With a general bullishness amongst the heavyweights, key money managers were breaking ground themselves. Winton Capital Management, managed by David Harding, initiated the biggest position in Flexsteel Industries, Inc. (NASDAQ:FLXS). Winton Capital Management had $0.3 million invested in the company at the end of the quarter. David E. Shaw’s D E Shaw also initiated a $0.2 million position during the quarter.
Let’s also examine hedge fund activity in other stocks similar to Flexsteel Industries, Inc. (NASDAQ:FLXS). We will take a look at Aptinyx Inc. (NASDAQ:APTX), Smart Sand, Inc. (NASDAQ:SND), Harvard Bioscience, Inc. (NASDAQ:HBIO), and Aptose Biosciences Inc (NASDAQ:APTO). This group of stocks’ market valuations match FLXS’s market valuation.
Ticker | No of HFs with positions | Total Value of HF Positions (x1000) | Change in HF Position |
---|---|---|---|
APTX | 8 | 15552 | 0 |
SND | 10 | 5533 | 3 |
HBIO | 13 | 26821 | 2 |
APTO | 7 | 19612 | 1 |
Average | 9.5 | 16880 | 1.5 |
View table here if you experience formatting issues.

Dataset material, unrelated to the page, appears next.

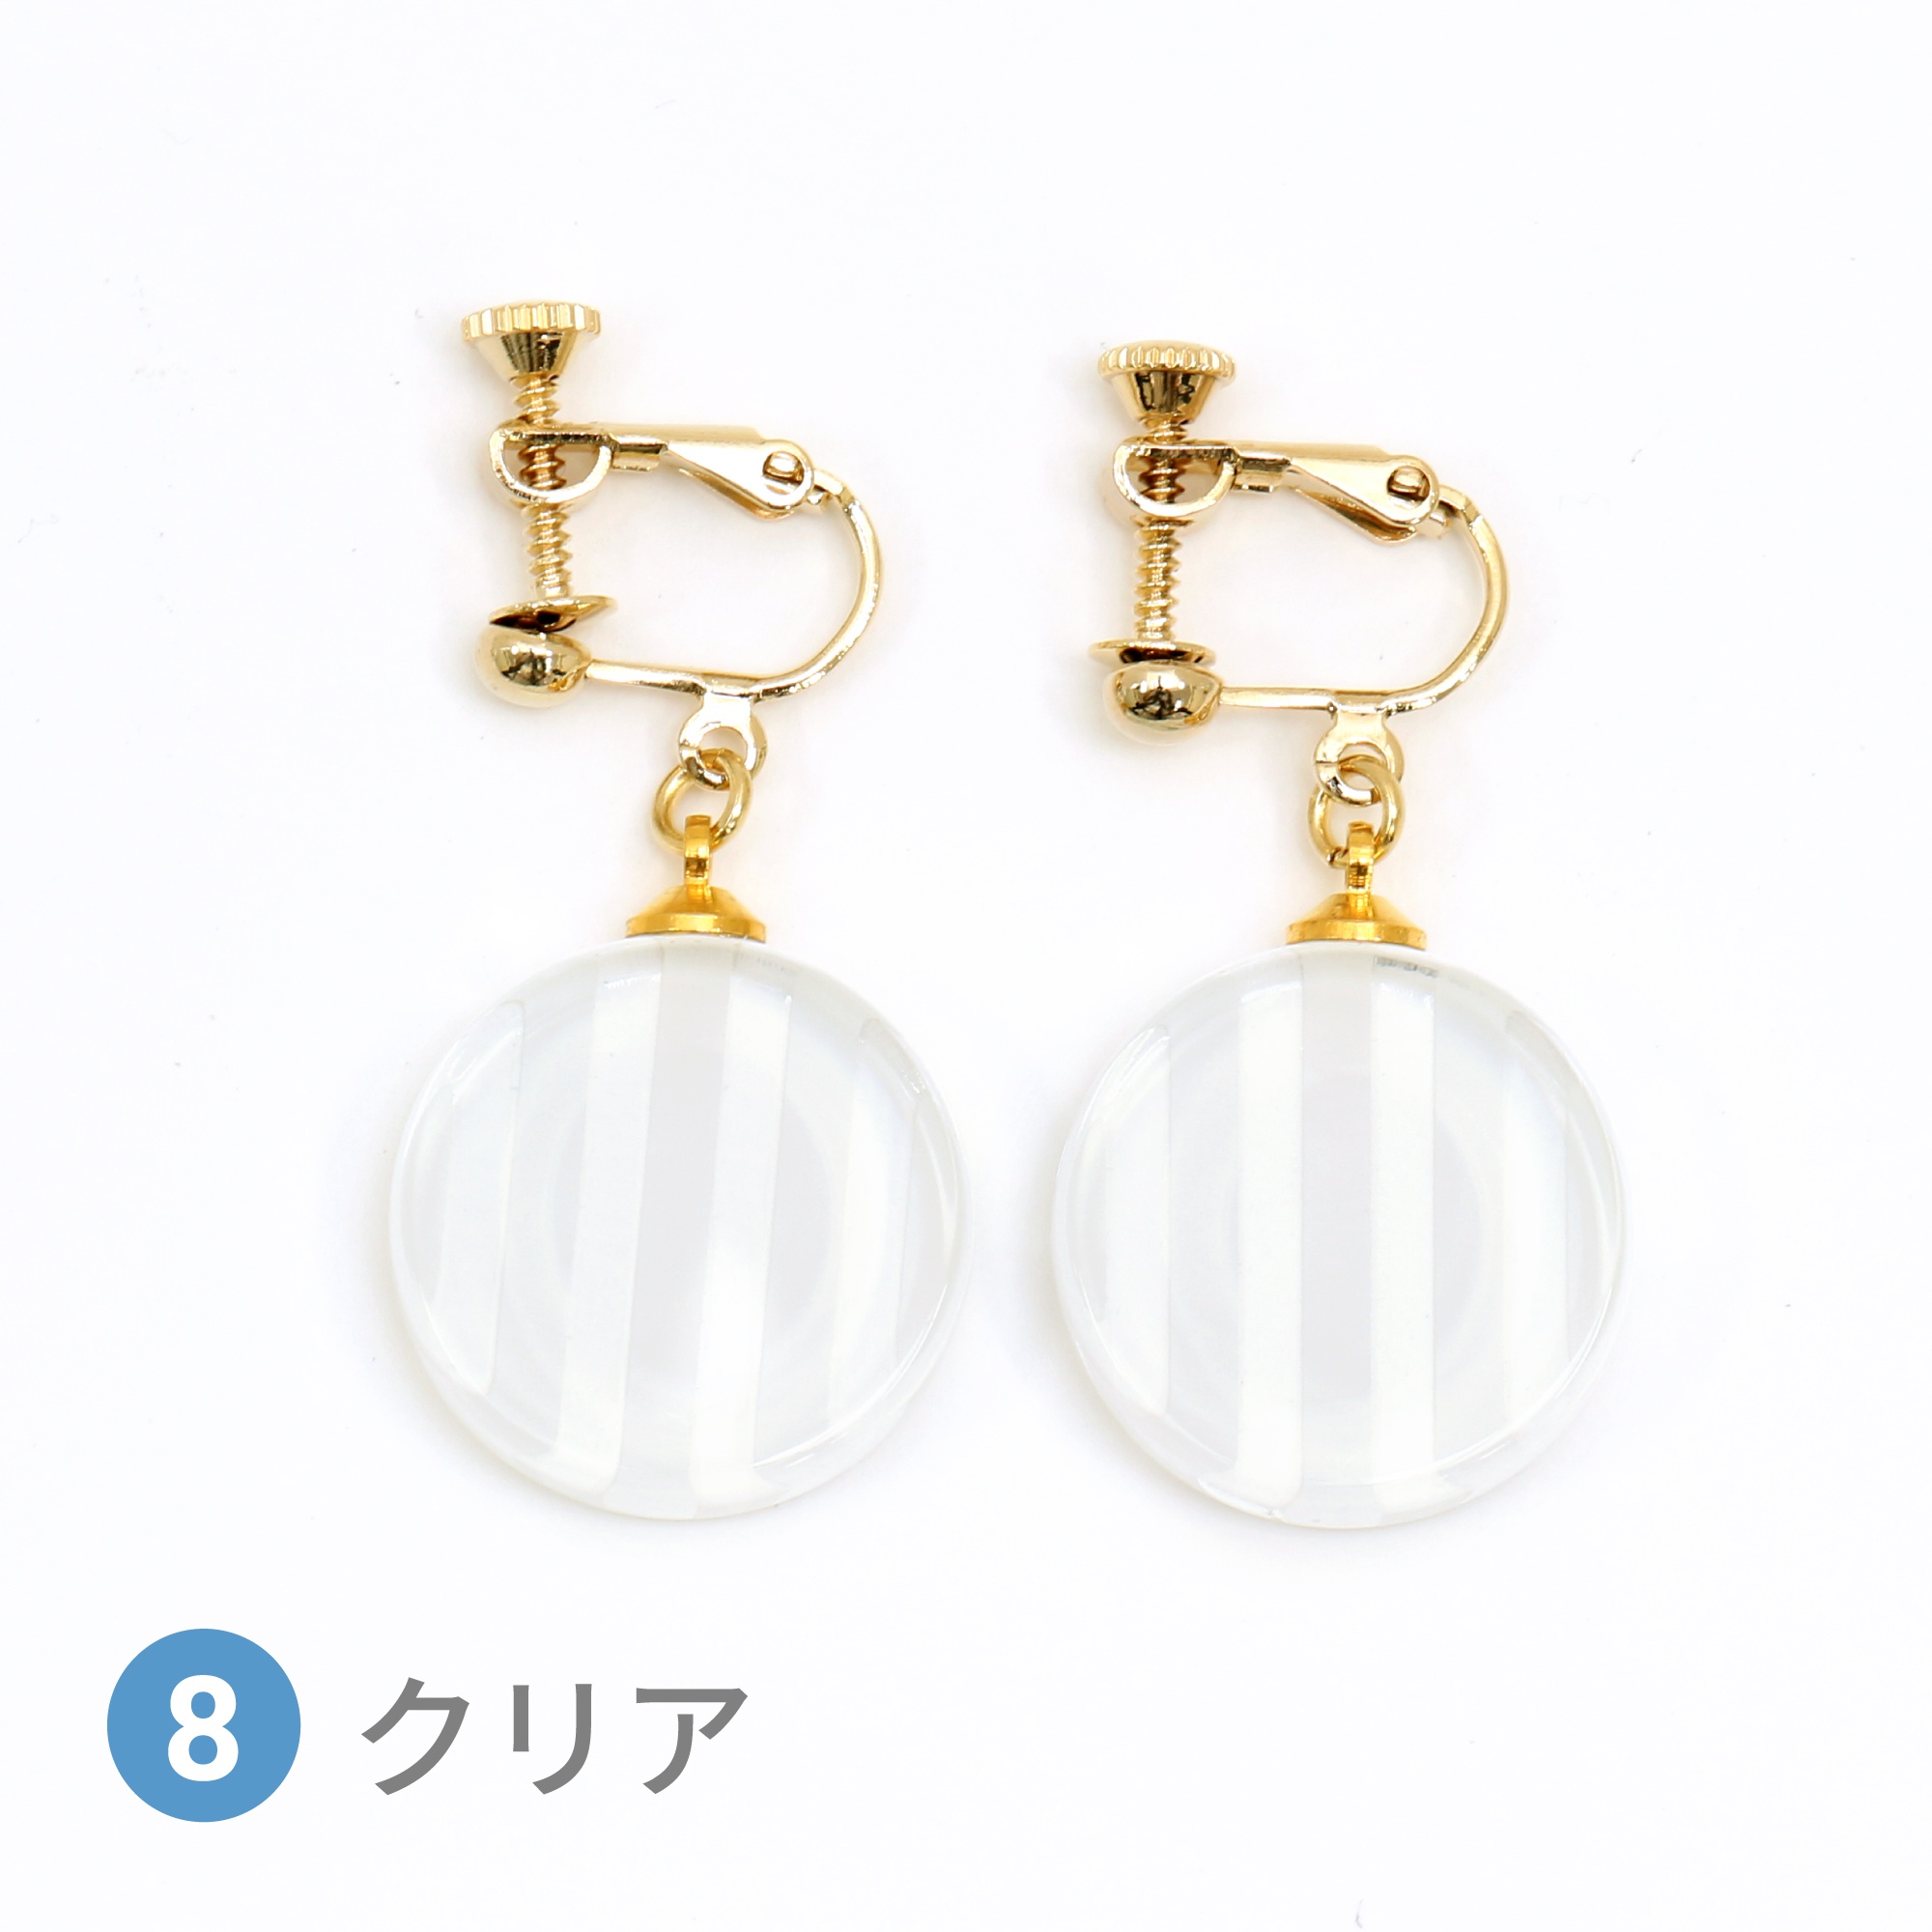 Glass accessories Earring STRIPE clear round shape

As you can see these stocks had an average of 9.5 hedge funds with bullish positions and the average amount invested in these stocks was $17 million. That figure was $19 million in FLXS’s case. Harvard Bioscience, Inc. (NASDAQ:HBIO) is the most popular stock in this table. On the other hand Aptose Biosciences Inc (NASDAQ:APTO) is the least popular one with only 7 bullish hedge fund positions. Compared to these stocks Flexsteel Industries, Inc. (NASDAQ:FLXS) is even less popular than APTO. Hedge funds clearly dropped the ball on FLXS as the stock delivered strong returns, though hedge funds’ consensus picks still generated respectable returns. Our calculations showed that top 20 most popular stocks among hedge funds returned 37.4% in 2019 through the end of November and outperformed the S&P 500 ETF (SPY) by 9.9 percentage points. A small number of hedge funds were also right about betting on FLXS as the stock returned 24% during the fourth quarter (through the end of November) and outperformed the market by an even larger margin.